Introduction to application optimizations with usage of Intel® performance tools
The objectives of this course
The presentation can be downloaded here.
Get a basic understanding of:
- the main factors of the processor performance,
- base performance improvement techniques,
- Intel® tools for performance analysis,
- main options and components of the Intel compiler,
- theoretical foundations of some performance optimizations.
You will be able to
- describe the main problems of the processor performance;
- investigate the application using the VTune ™ Performance Analyzer and find problem areas;
- identify the main problems of an application analyzed;
- develop a strategy to improve application performance;
- describe the main components of the compiler and its functions;
- control the level of optimization with command line options.
Course plan
- Intel microprocessor architecture and main factors affecting processor performance;
- VTune Performance Analyzer usage;
- The role of the compiler in improving application performance;
- Some theoretical concepts. Control flow graph, data-flow analysis;
- Permutation optimizations and their applicability. Dependencies;
- Vectorization;
- Parallelization using OMP directives and auto parallelization;
- The main components of the compiler, their tasks and interconnection.
Intel microprocessor architecture and the main factors affecting the processor performance.
Simplified processor model
- Control Unit, CU
- Arithmetic and Logic Unit, ALU
- System registers
- Front Side Bus, FSB
- Memory
- Peripheral devices
- decodes instructions received from the memory;
- controls ALU;
- performs data transfer between the CPU registers, memory, peripheral devices.
ALU consists of different parts, allowing to perform arithmetic and logical operations on the system registers.
System registers - a piece of memory inside the CPU that is used for temporary storage of an information processed by the processor.
A system bus is used for data transfer between the CPU and memory, as well as between the CPU and peripherals.

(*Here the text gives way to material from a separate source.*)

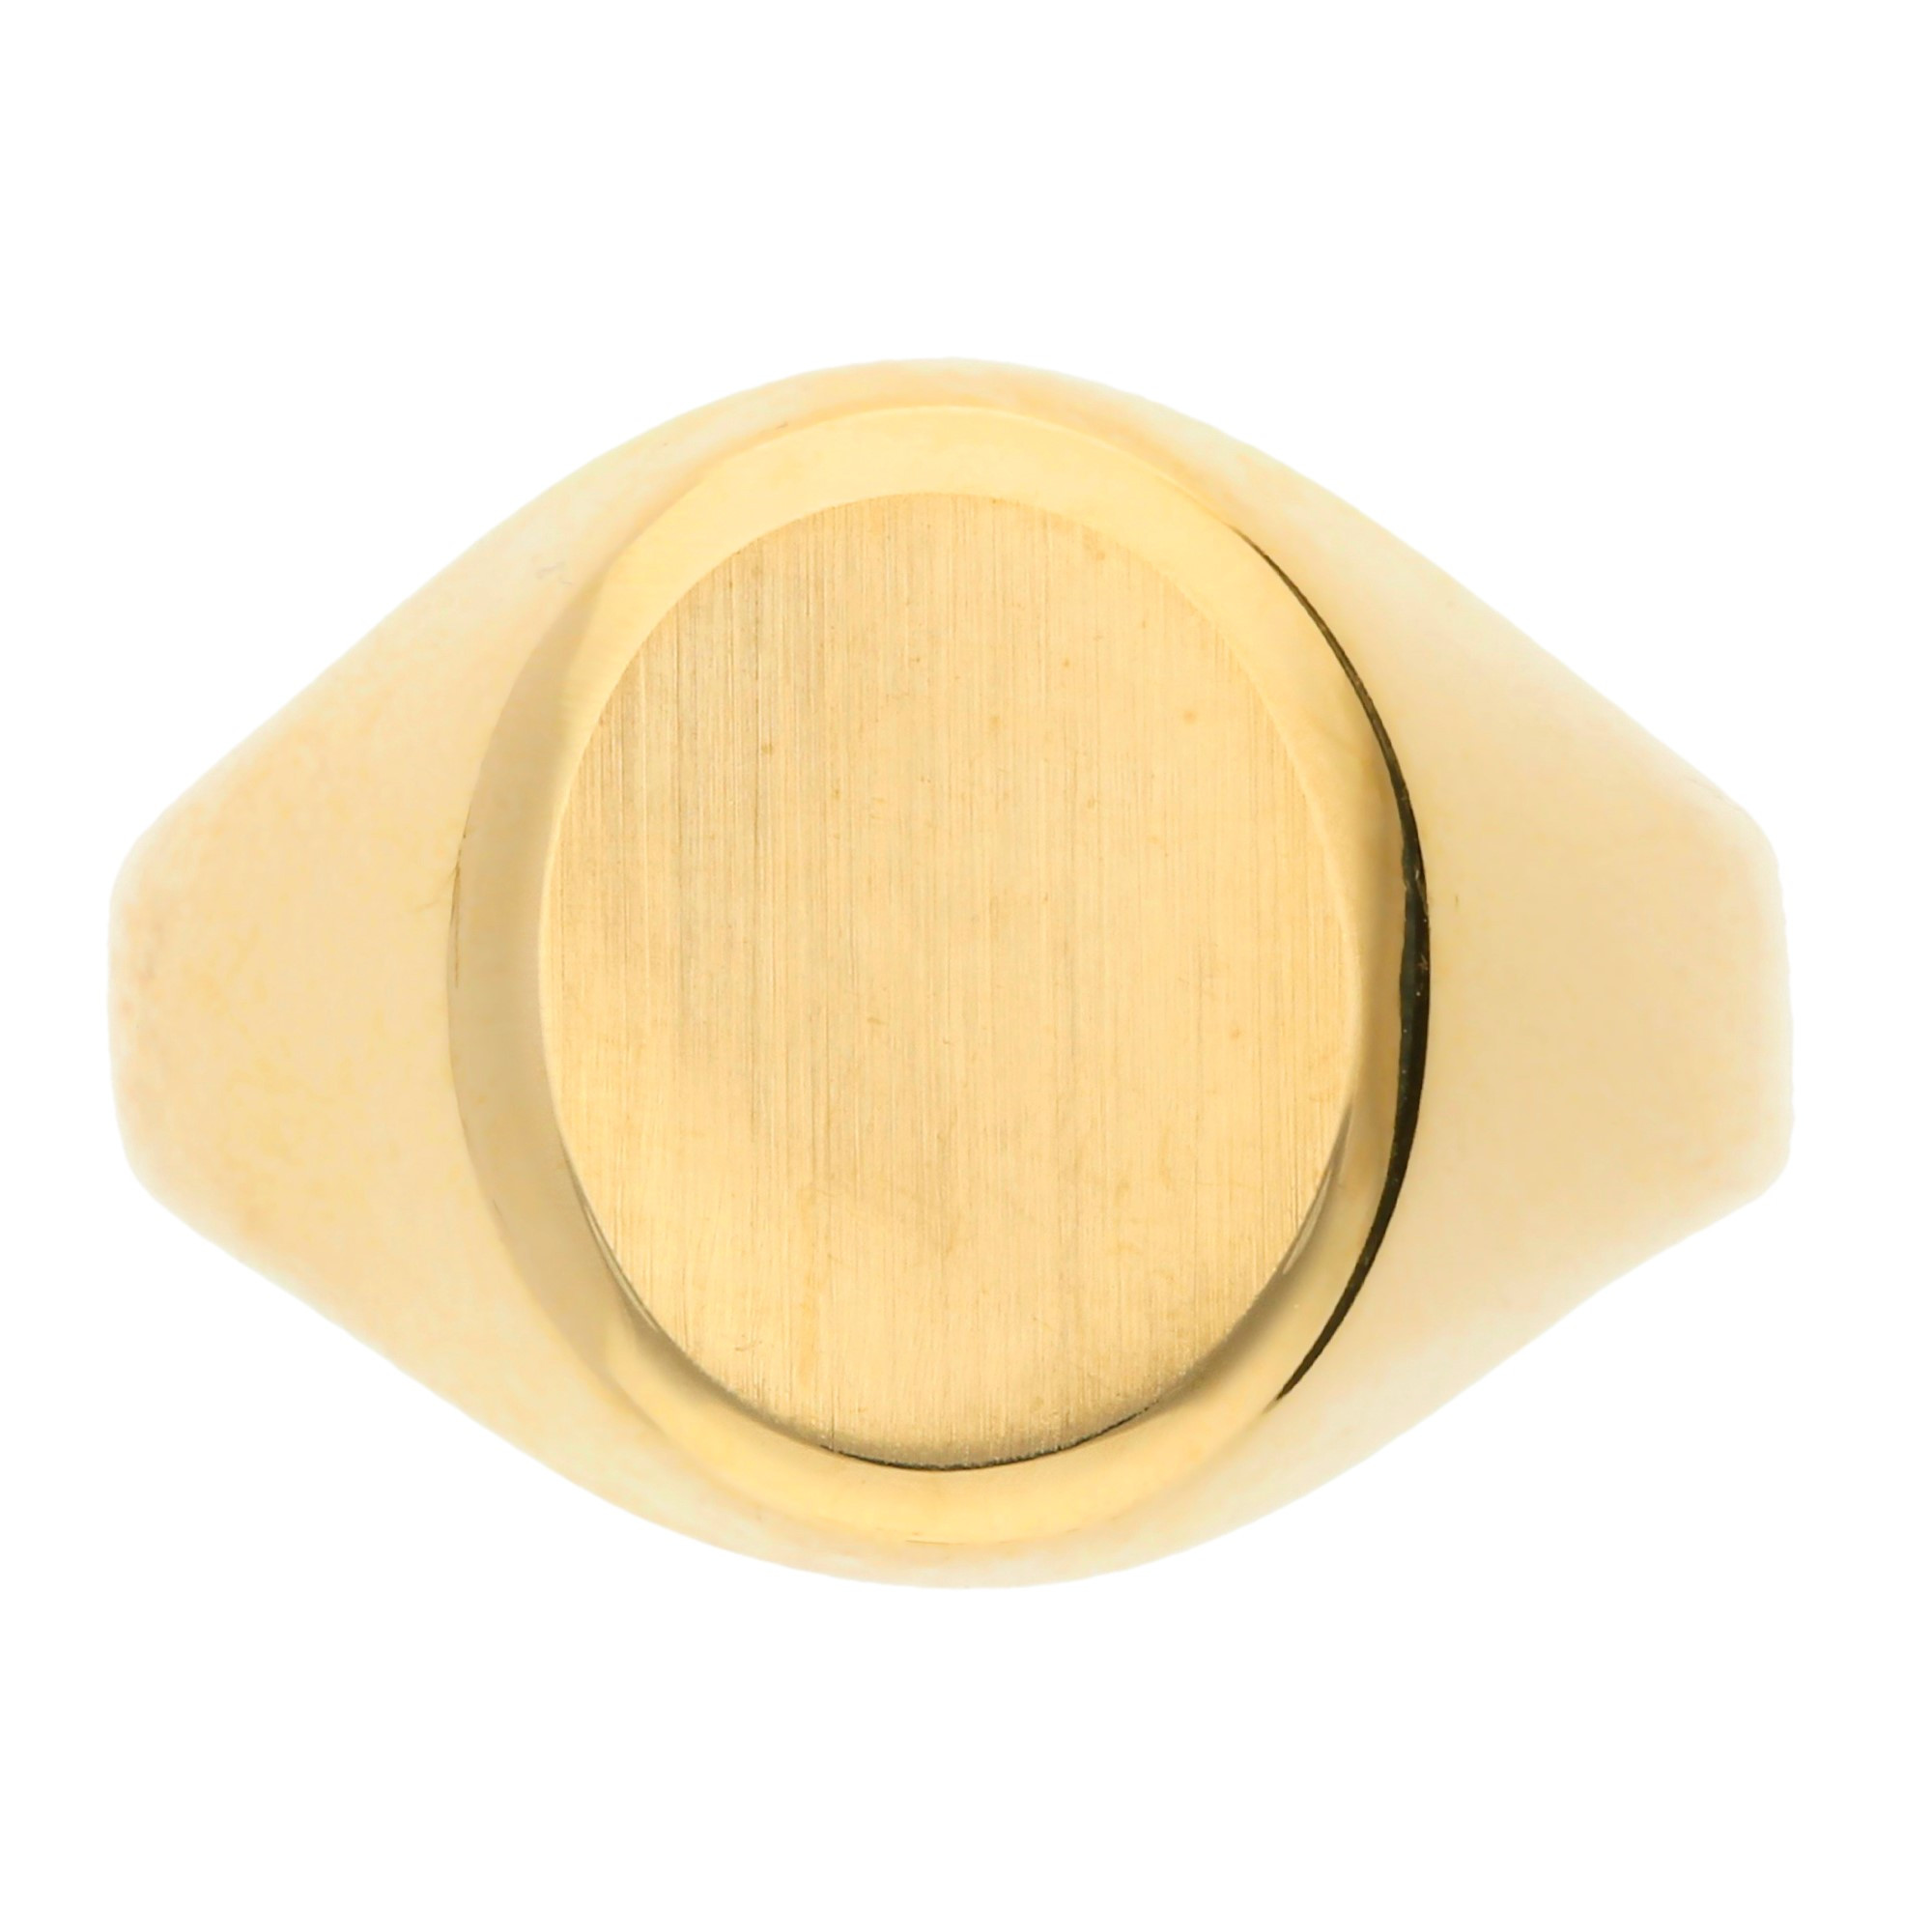 9ct Gold Signet Ring | Buy Online | Free Insured UK Delivery

High performance is one of the key factors in the competition of the computer systems manufacturer
Processor performance is directly related to the amount of computational work that can be processed at a time.
Performance = Number of instructions / Time
We'll talk about performance on the basis of IA32 and IA32E architectures (IA32 with EM64T).
Factors affecting the processor performance:
- CPU clock frequency;
- Accessible memory amount and speed;
- The performance of the instructions and completeness of the instruction set;
- The internal memory registers usage;
- The quality of pipelining;
- The quality of prediction;
- The quality of the prefetching;
- Superscalarity;
- The quality of vectorization;
- Parallelization and multicore.
Clock rate
Because the processor is made of different components, working with different speeds, there is a processor timer which is providing the synchronization by sending periodic sync. Its frequency is called the clock speed of the processor.
Memory speed and amount
- 8086 - 1 MB of memory.
- 80 286 - A new system registers, and a new mode of memory - 16MB of memory.
- 80 386 - the first 32-bit processor - 4GB
- Technology EM64T (Extended Memory 64 Technology) - ~ 264B
The performance of the instructions and completeness of the instruction set
Performance depends on how well the instructions are implemented, how well the basic instruction set covers all possible tasks.
CISC, RISC (complex, reduced instruction set computing)
Modern Intel processors are a hybrid of CISC and RISC; before executing a processor converts CISC instructions into simpler RISC instruction set.